ABOUT THIS TASK: The data below should be printed in full, exactly, and without any of its images.

DATA:
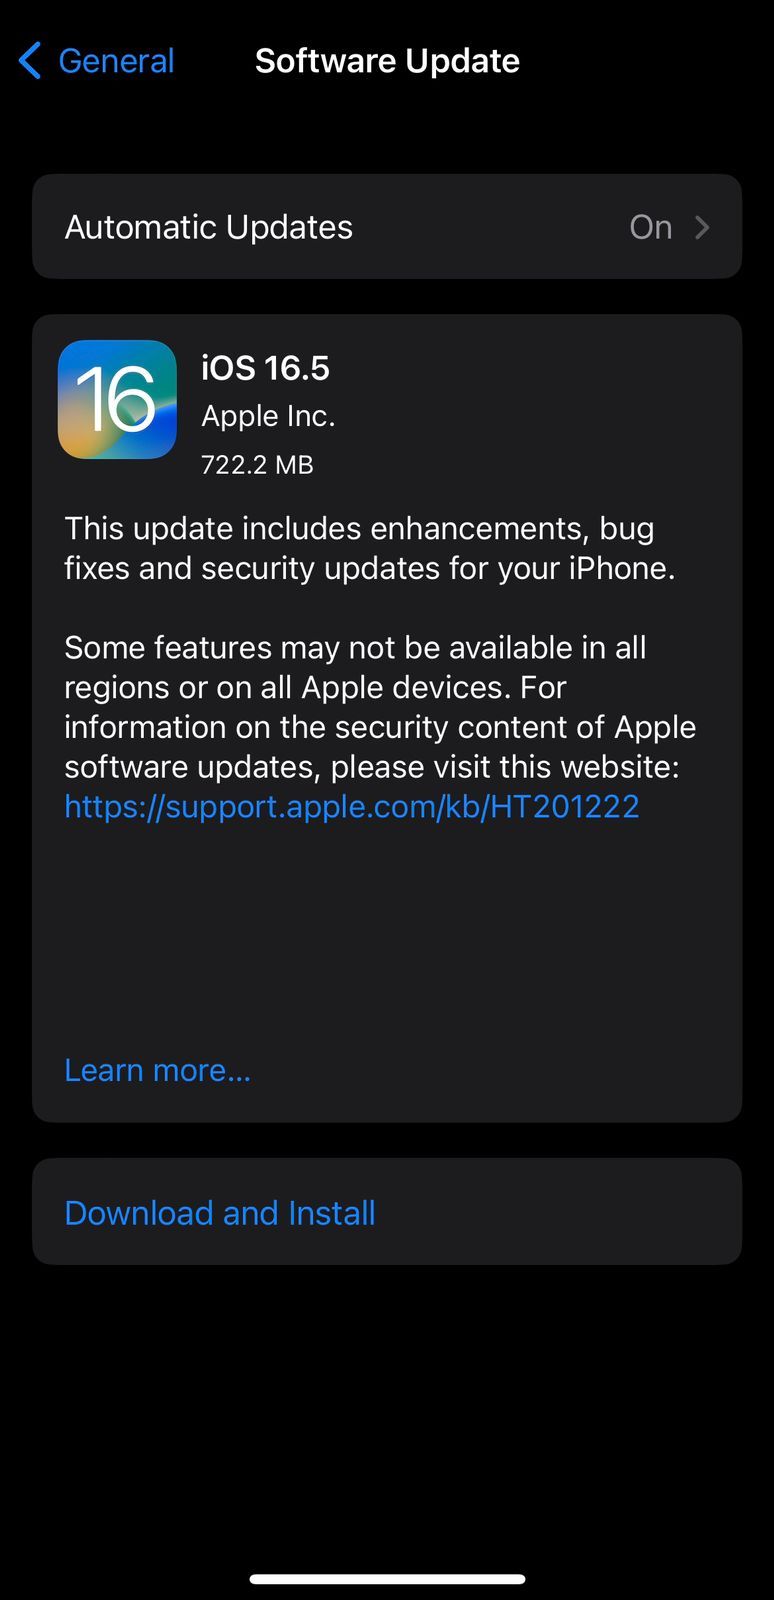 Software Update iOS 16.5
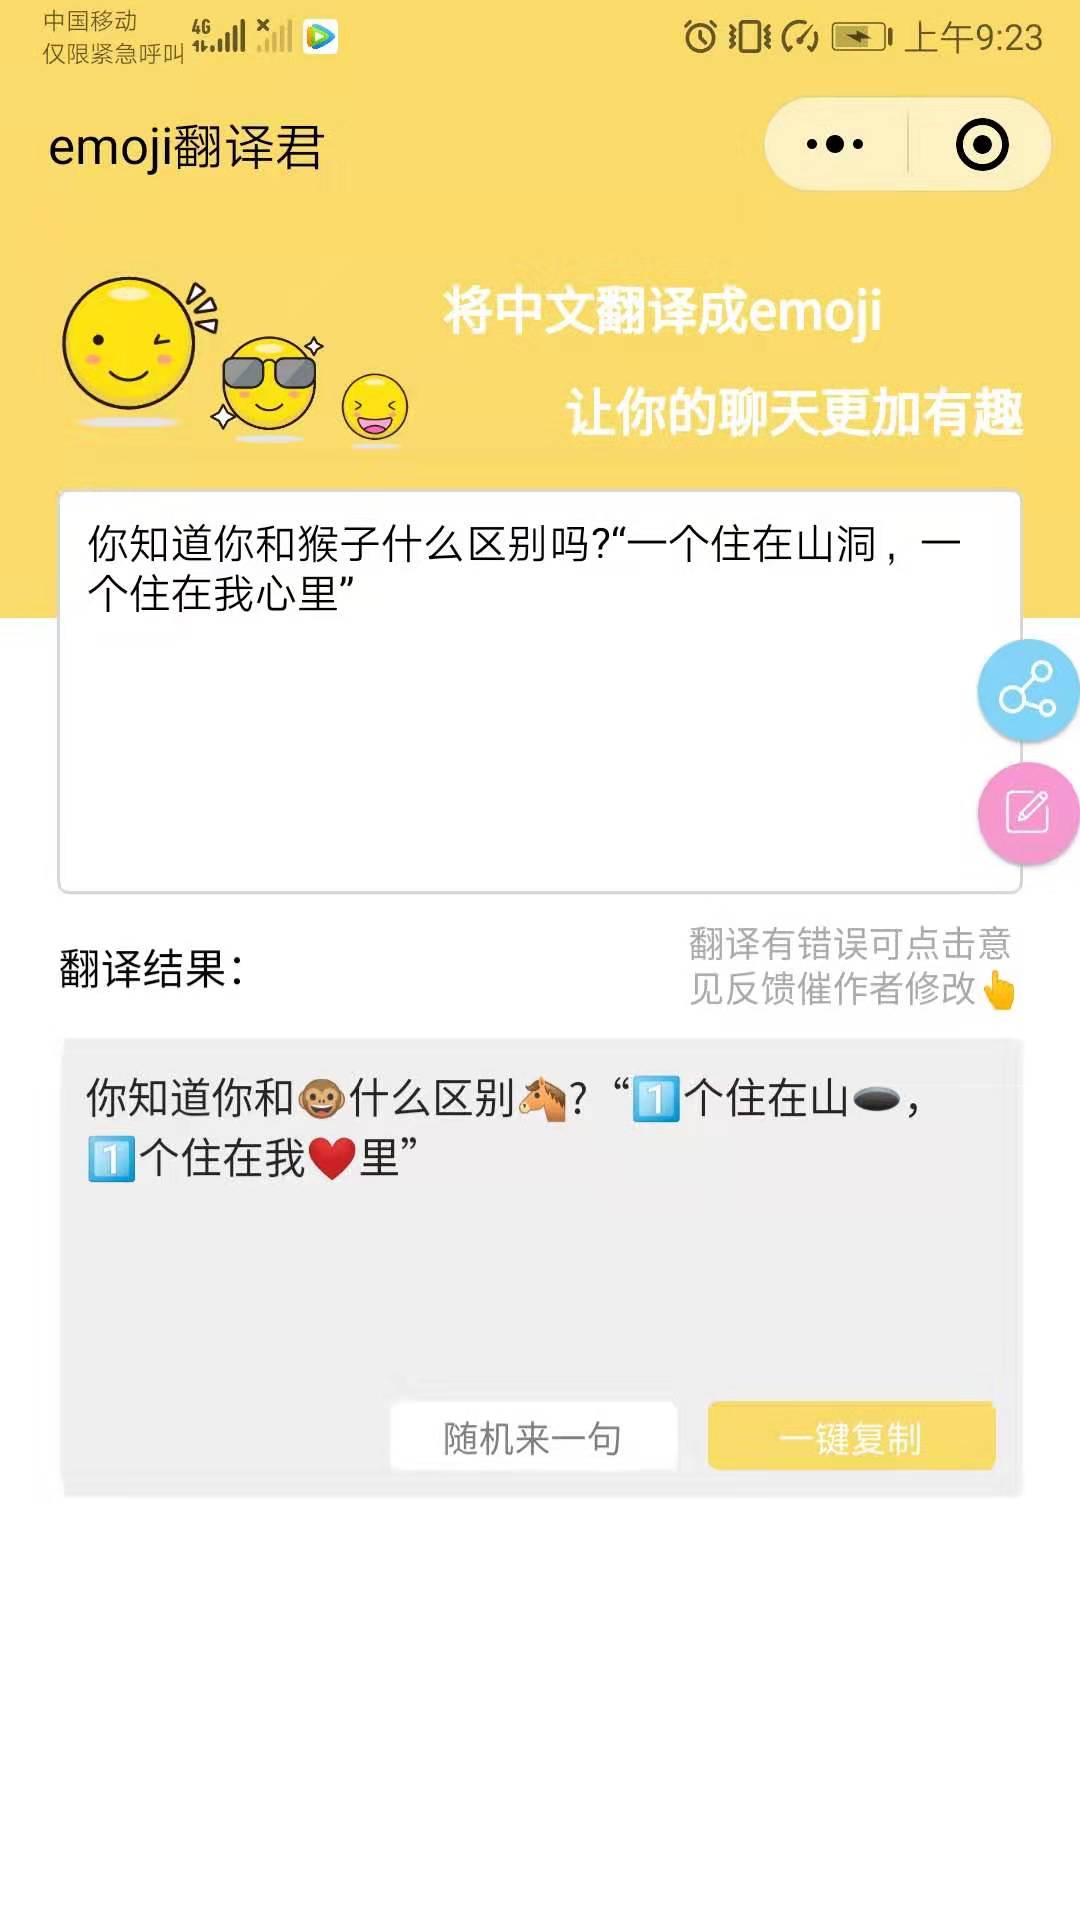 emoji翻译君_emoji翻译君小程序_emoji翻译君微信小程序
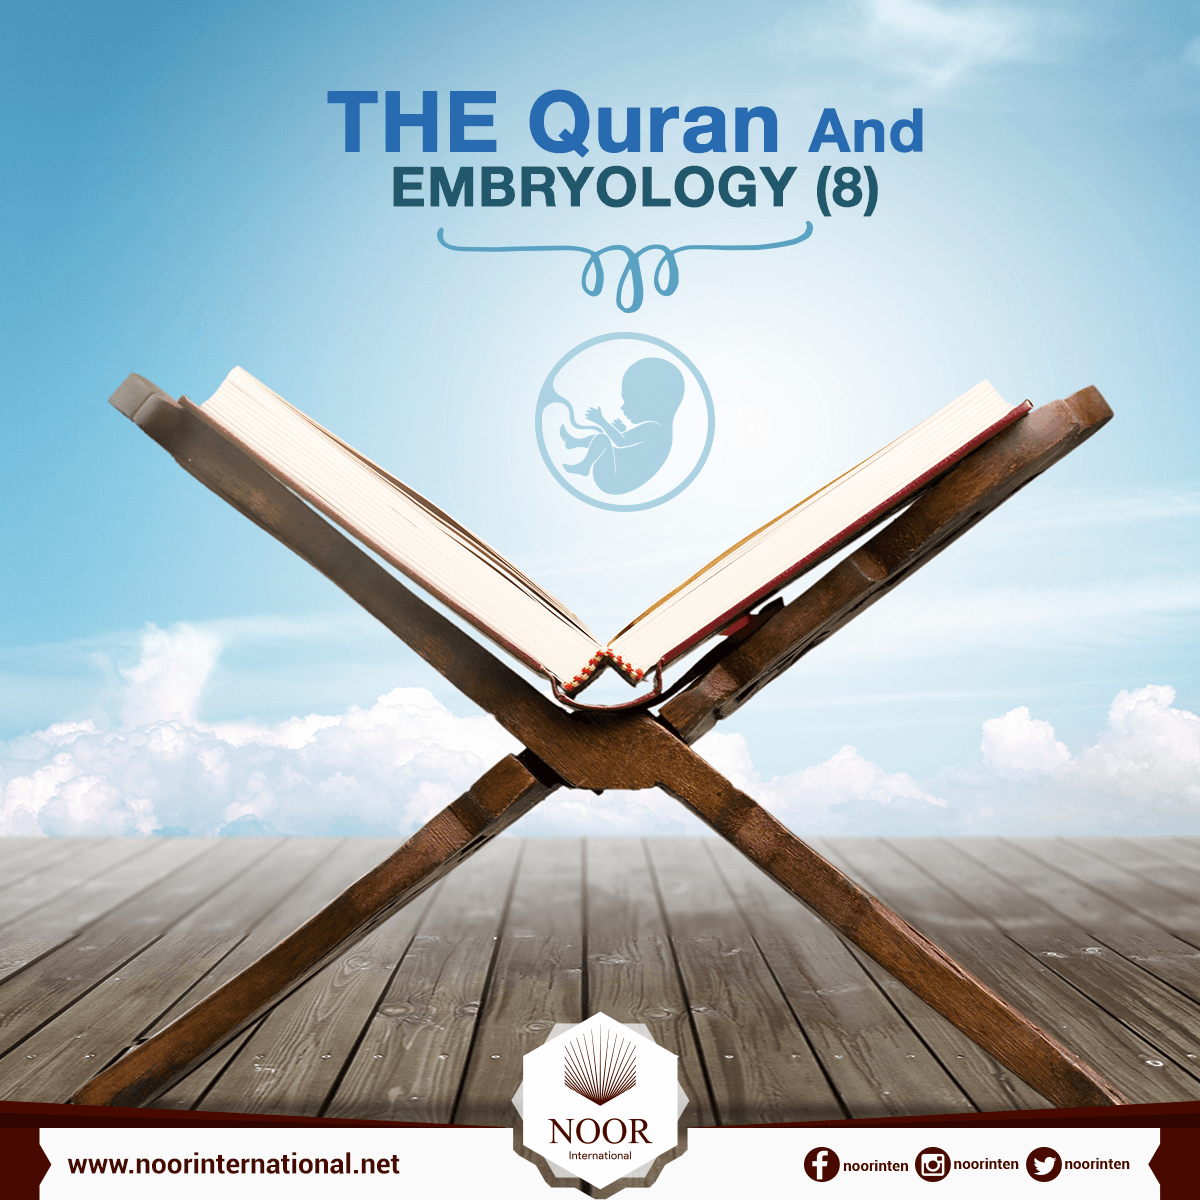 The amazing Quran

RESPONSE TO THE TASK:
 Software Update iOS 16.5
 emoji翻译君_emoji翻译君小程序_emoji翻译君微信小程序
 The amazing Quran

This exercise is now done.